(MATERIAL PROVIDED Opens)

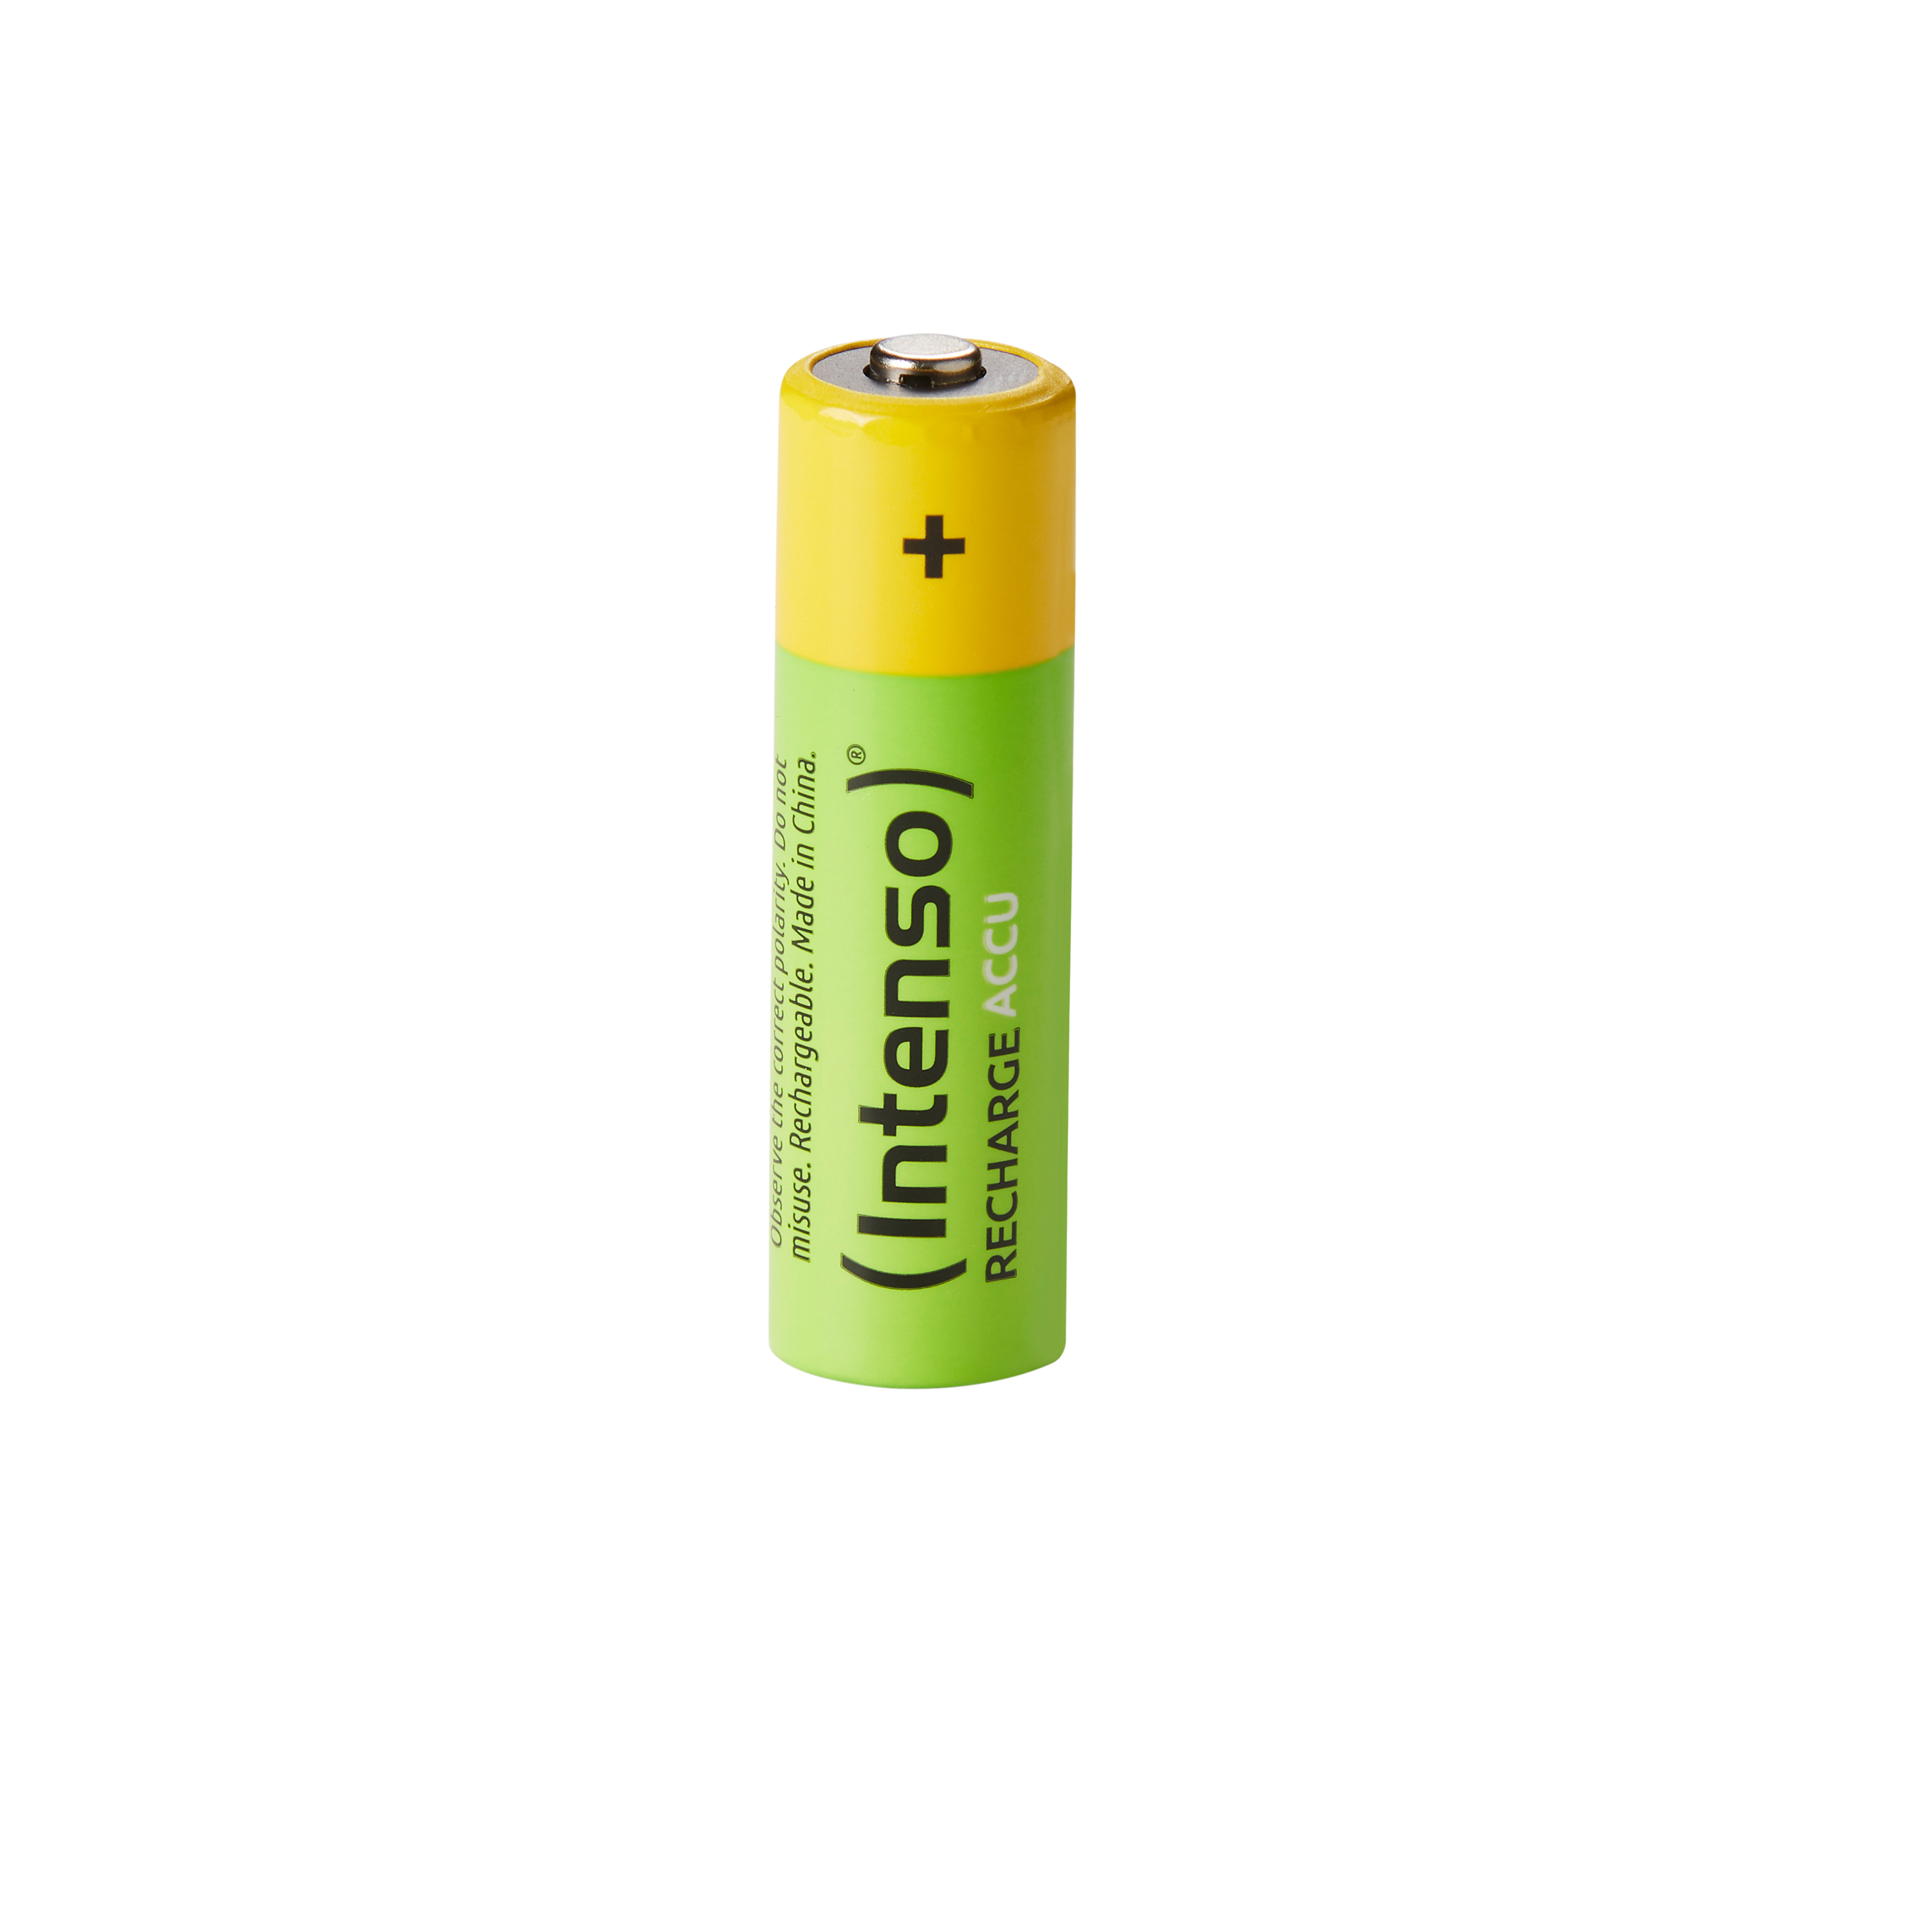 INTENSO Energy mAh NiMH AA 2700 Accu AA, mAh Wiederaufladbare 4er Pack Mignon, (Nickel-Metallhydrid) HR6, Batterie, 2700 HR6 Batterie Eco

(MATERIAL PROVIDED Closes)
(MATERIAL PROVIDED Opens)

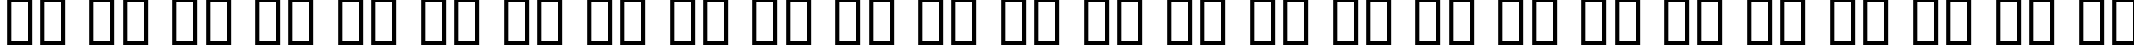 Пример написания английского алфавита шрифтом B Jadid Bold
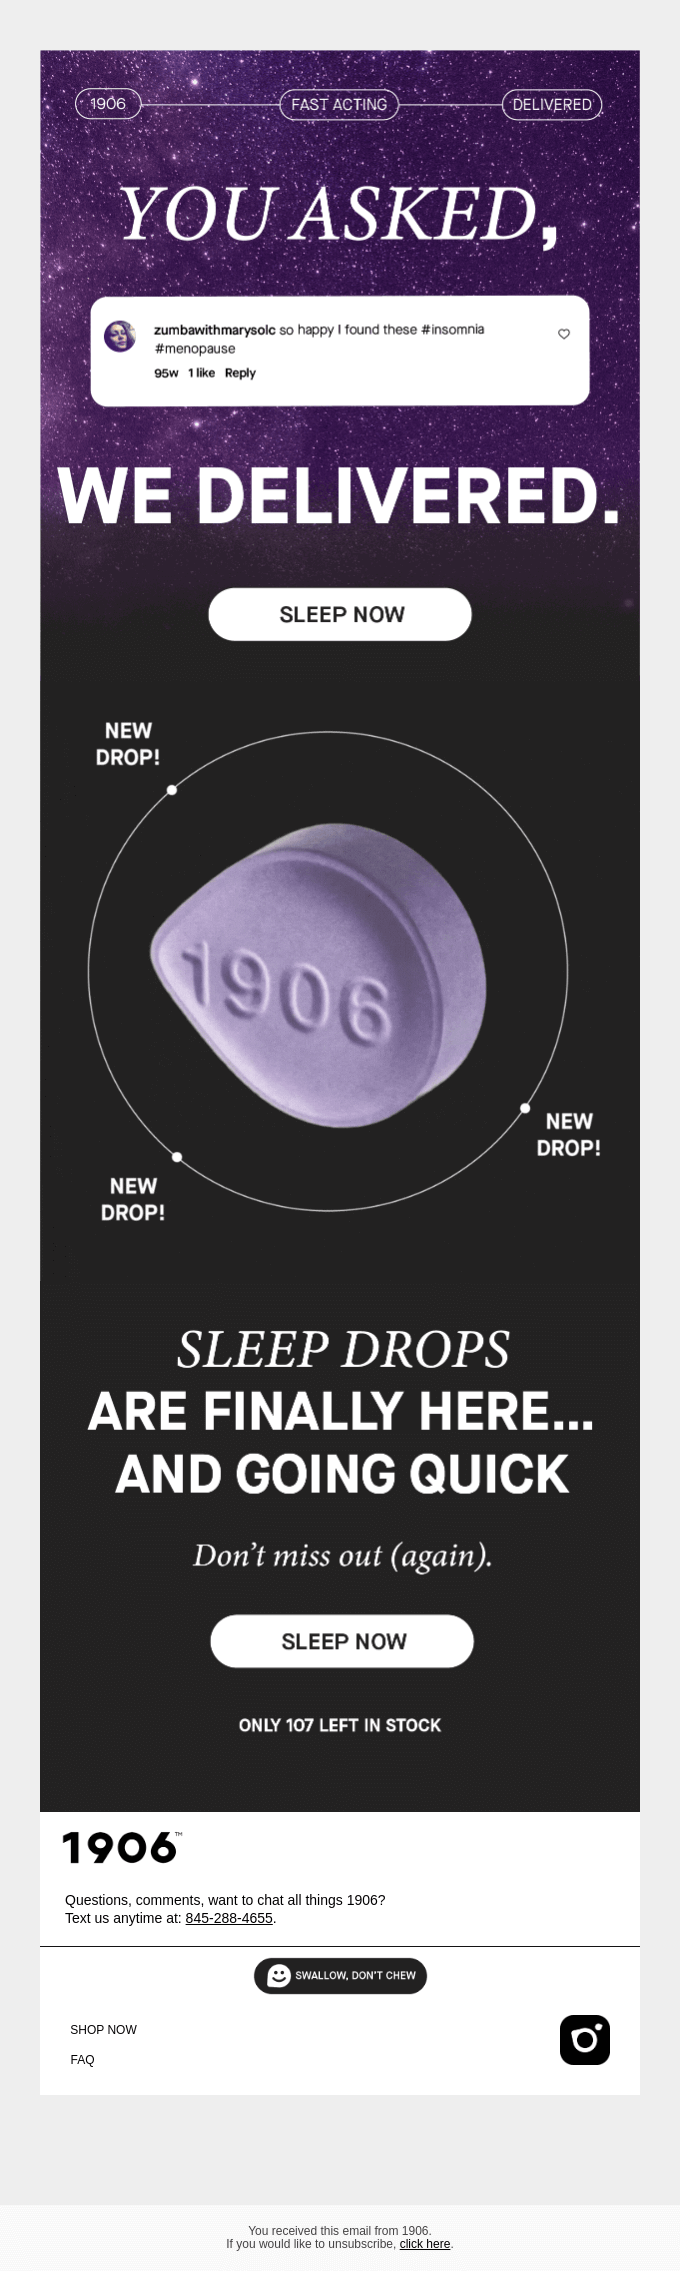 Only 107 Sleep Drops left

(MATERIAL PROVIDED Closes)

● YOUR INSTRUCTIONS: From the records above, write out exactly the lines that begin at the line with "Пример написания английского" and end at the line with "Only 107 Sleep Drops left". Pictures must not appear in the output.

● ANSWER SECTION:
 Пример написания английского алфавита шрифтом B Jadid Bold
 Only 107 Sleep Drops left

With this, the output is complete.